The average intellectual capacity of the studied population fell within the normal range (90.5 ± 10.8). No significant differences were detected between males with medium-high intelligence (TIQ ≥ 90) and low-medium intelligence (TIQ < 90) when comparing energy and iron intake, hematological and biochemical parameters related to iron status. Similarly, the female group revealed no differences between the TIQ < 90 and TIQ ≥ 90 subgroups (Table 4).

Females with low-medium scores in cognitive abilities measured by VCI, WMI, PRI, and PSI indexes had similar levels of iron intake, coverage of recommended intake, hemoglobin, iron, and ferritin than females with medium-high scores (Table 5).
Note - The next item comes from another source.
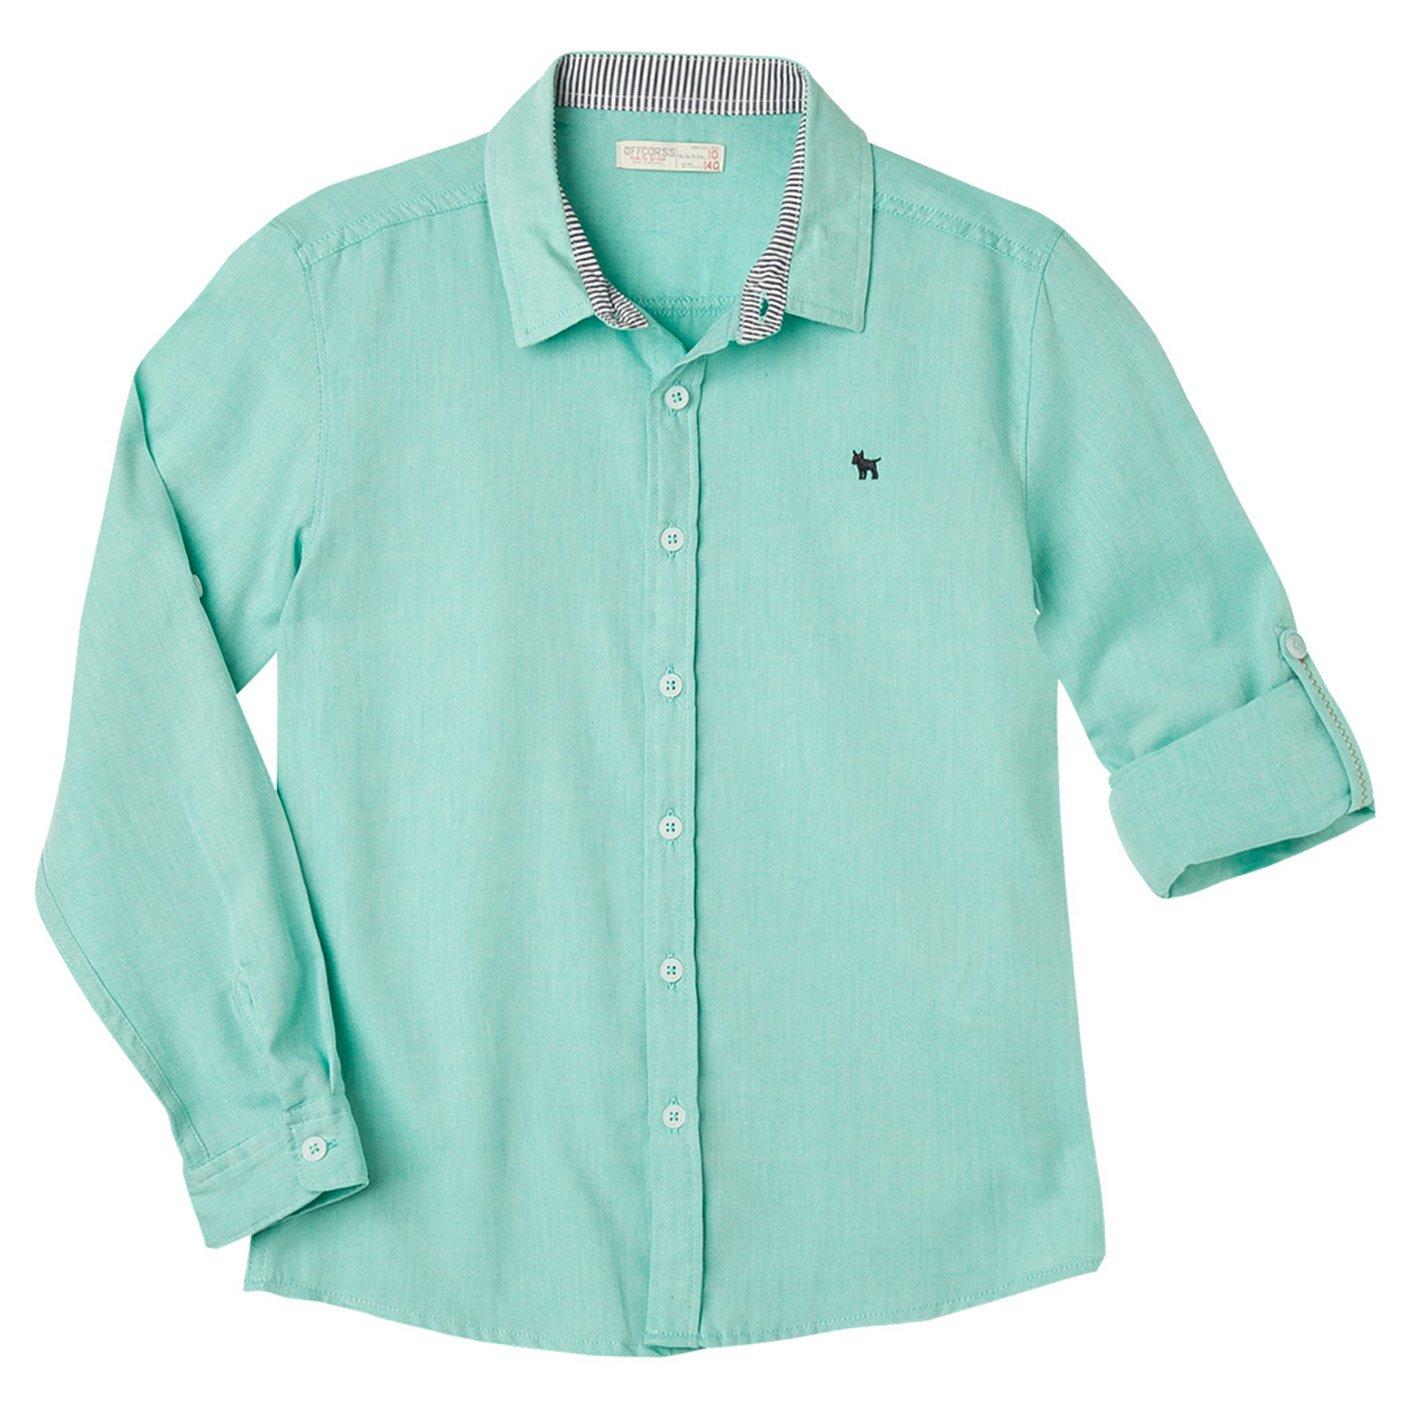 OFFCORSS Big Boys Long Sleeves Solid Colors Dress Button Down Slim Fit Cotton Dressy Shirt Collared Camisa Manga Larga de Vestir Niño Grande Green 6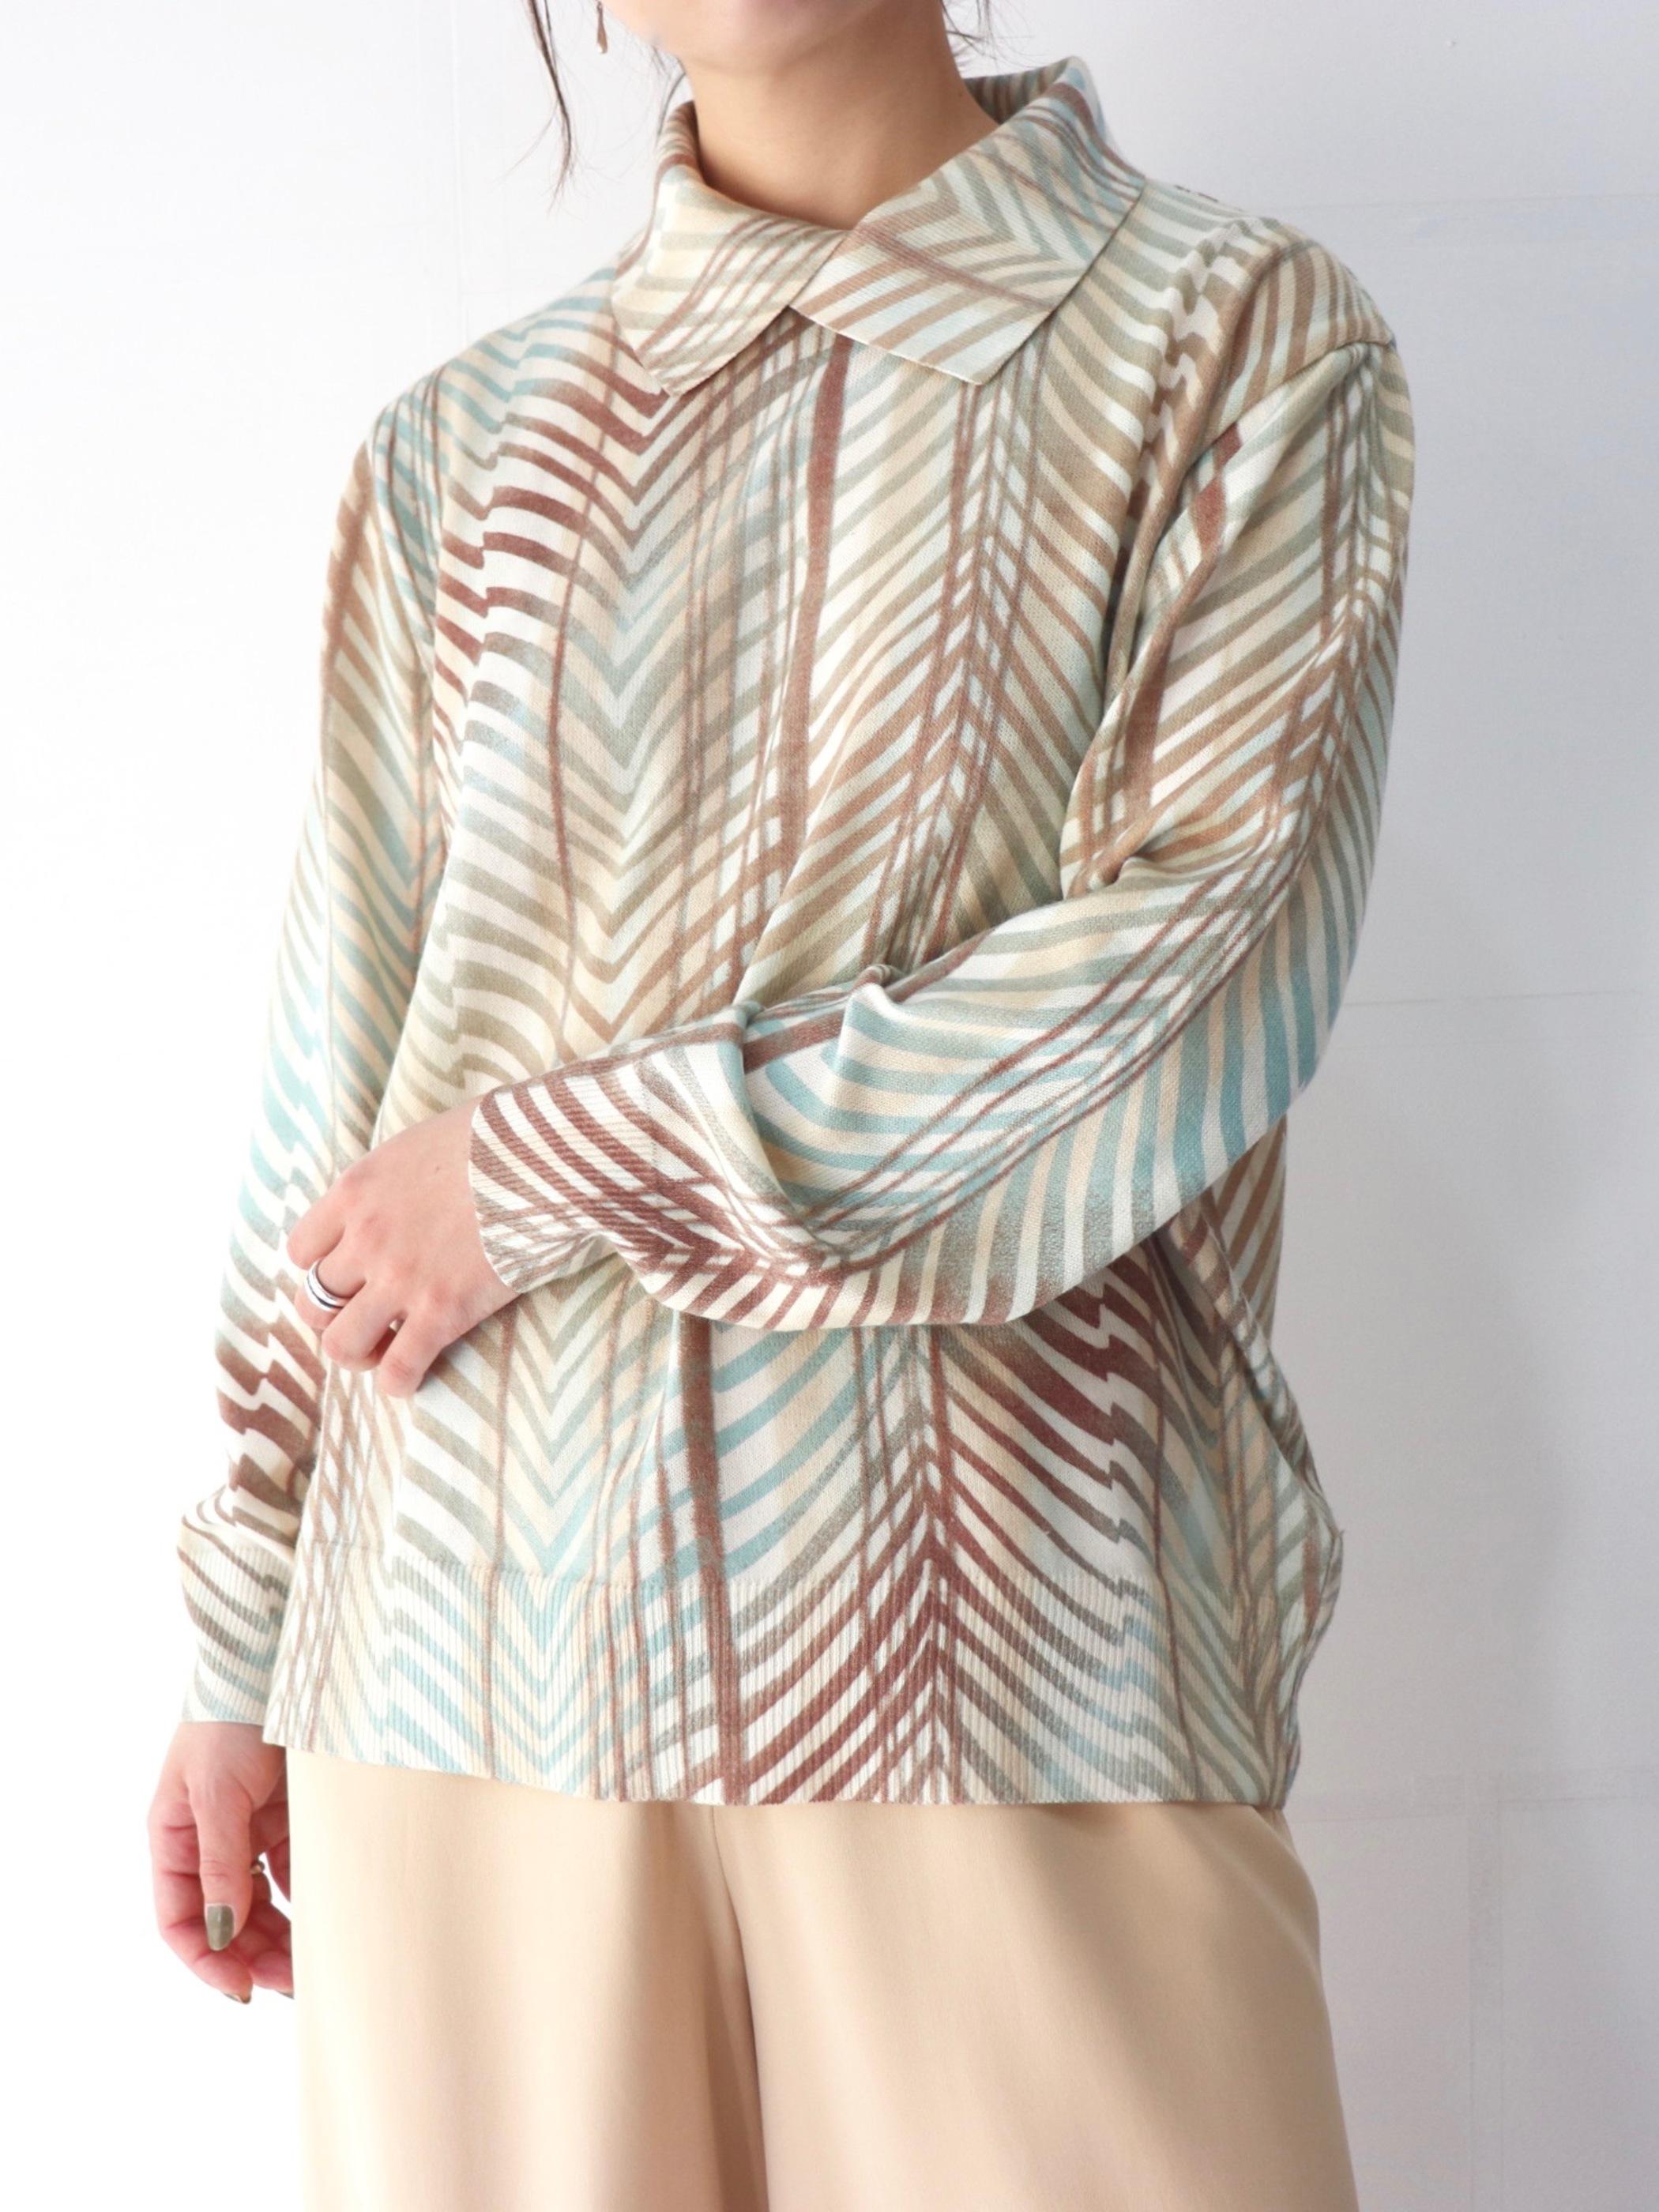 Euro summer knit tops

Interestingly, a significant (p < 0.01) lower level of serum iron (122.5 ± 40.1 vs. 86.7 ± 33.4 μg/dL) was observed in males with PSI ≥ 90 as compared with PSI < 90, associated with a lower but not significantly lower iron intake (Table 5).

After grouping female and male students according to the recommended intake of iron (%RI), the corresponding hematological and biochemical parameters related to iron status were not statistically different between %RI < 100 and %RI ≥ 100 (Table 6).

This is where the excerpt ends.